Colpì tutti quanti, all’epoca, la somiglianza impressionante che si riscontra nella più famosa di queste immagini, scattata dal boliviano Freddy Alborta, con due quadri celeberrimi: La lezione di anatomia del dottor Tulp del pittore fiammingo Rembrandt, per la composizione della scena, e il Cristo morto del Mantegna, per la prospettiva con cui il corpo morto viene ripreso: è la stessa, con i piedi in primo piano, e il Che sembra davvero Gesù.
E’ inutile negarlo, le immagini hanno svolto un ruolo fondamentale nella costruzione del mito del Che, forse più dei suoi scritti e delle canzoni degli Inti Illimani a lui dedicate.

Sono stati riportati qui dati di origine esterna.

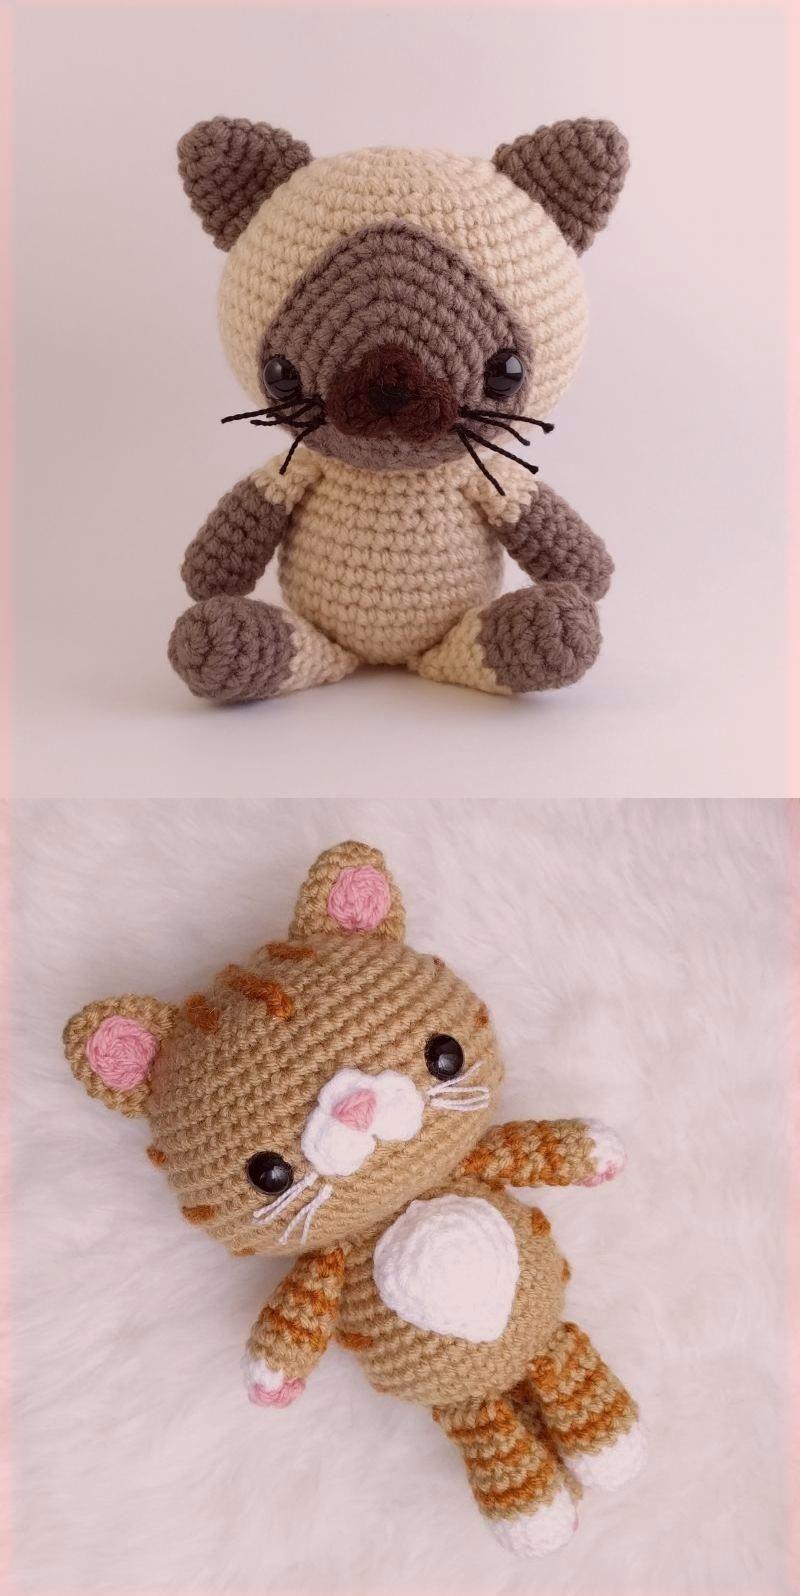 Amigurumi Knitting (Amigurumi) Hello Kitty Cat Making Part 4 – Arm ... | 1596x800

“Gli eroi son tutti giovani e belli”, dice proprio una famosissima canzone di altri tempi (Francesco Guccini, La locomotiva, 1972). E bello lo è senz’altro, il volto di Ernesto Che Guevara, nel celebre ritratto che tutti conosciamo e vediamo ancora stampato su milioni di T-shirt e bandiere. La fotografia, scattata il 6 marzo 1960 daAlberto Korda (che la intitolò, per l’appunto, ‘Guerrillero Heroico’), lo raffigura con lo sguardo determinato rivolto all’orizzonte, è tra le più riprodotte della storia e ‘resiste’ anche ora, nella civiltà delle immagini contemporanea
Ma, al di là delle foto da vivo e da morto, chi era davvero Ernesto Che Guevara?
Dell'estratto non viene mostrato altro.